I have a complete graph with N vertices and I need to find the shortest path from a given source to a given destination. All edges have initial cost A, then for K edges the cost will change to B. What is the best way to find the minimal cost between vertex 1 and vertex N [The algorithm finds the lowest cost (i.e. the shortest path) between vertex 1 and vertex N]? The input is N K A B and K edges (the edges with cost B).

where:

2 <= N <= 500000
0 <= K <= 500000
1 <= A, B <= 500000

I've tried with Dijkstra but take to much time ~ 2min, and i need something like 2sec.

Solution

If the cost of the edge between 1 and N is A.

1) if A<B, then the lowest cost will be A.

2) if A>B, then use BFS to find the fewest hops from 1 to N through only the edges with cost B. Assume that there are at lestL edges between 1 and N, then return min(LB,A).
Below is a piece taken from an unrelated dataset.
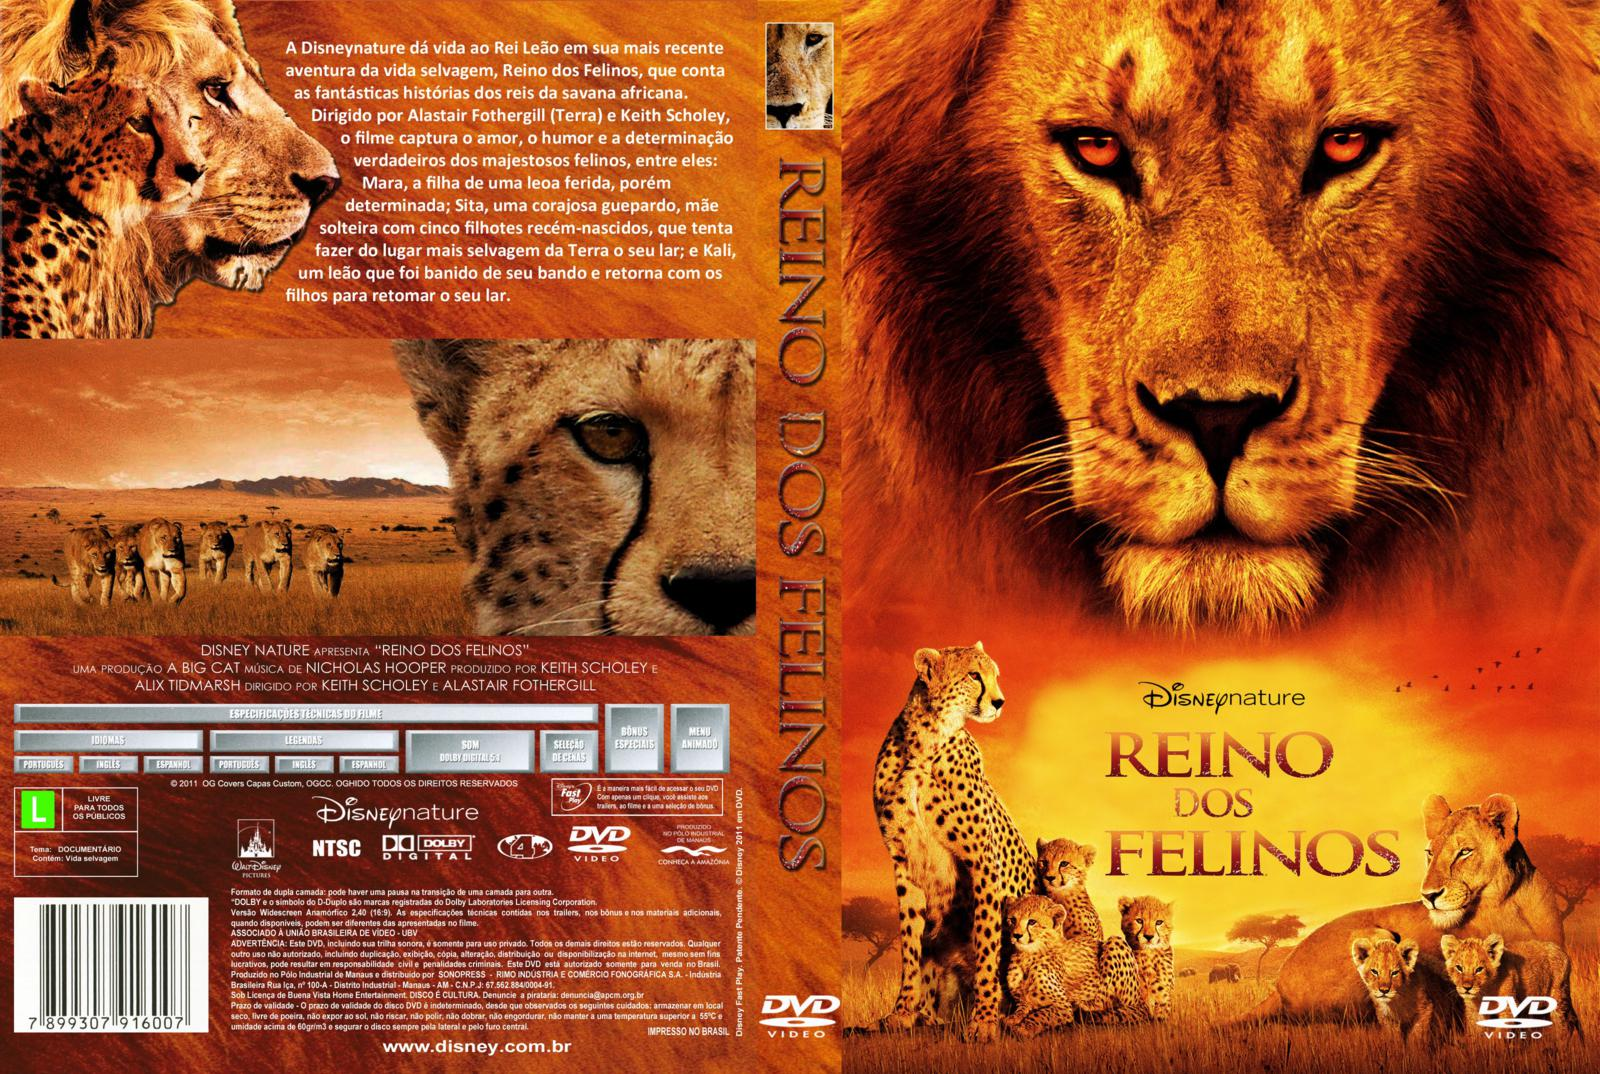 Reino Dos Felinos DVDRip XviD Dual Áudio Reino 2BDos 2BFelinos 2BDVD 2BXANDAO 2BDOWNLOAD

It is typical BFS and the cost is O(N+K).
If the edge between 1 and N is B.

1) if 'A>B', then the answer is B.

2) Find the fewest hops from 1 to N only using the edge with cost A. Let S[h] be the set of vertices can be reached by h hops and S' be the set have not reached yet, then it can be solved as follows.

min_dis() { S[0] = {1}; int h = 0; S'={2,...,N}; while (S[h] is not empty) { S[h+1] = {}; for_each (v1 in S'){ for (v2 in S[h]) { if (cost[v1][v2] == A) { S[h+1].insert(1); S'.remove(v1); if (v1 == N) return min((h+1)*A, B); break; } } } h++; } return B; }

We can proof that this algorithm is also O(N+K), since each time we testconst[v1][v2]==A is true , the size of S' will be decreased by 1 and there are at most K time when this test is false because there are at most K edge with cost B. So it guarantees to be finished with O(N+K)

In total, the algorithm is O(N+K), which will guarantee the 2sec time limit.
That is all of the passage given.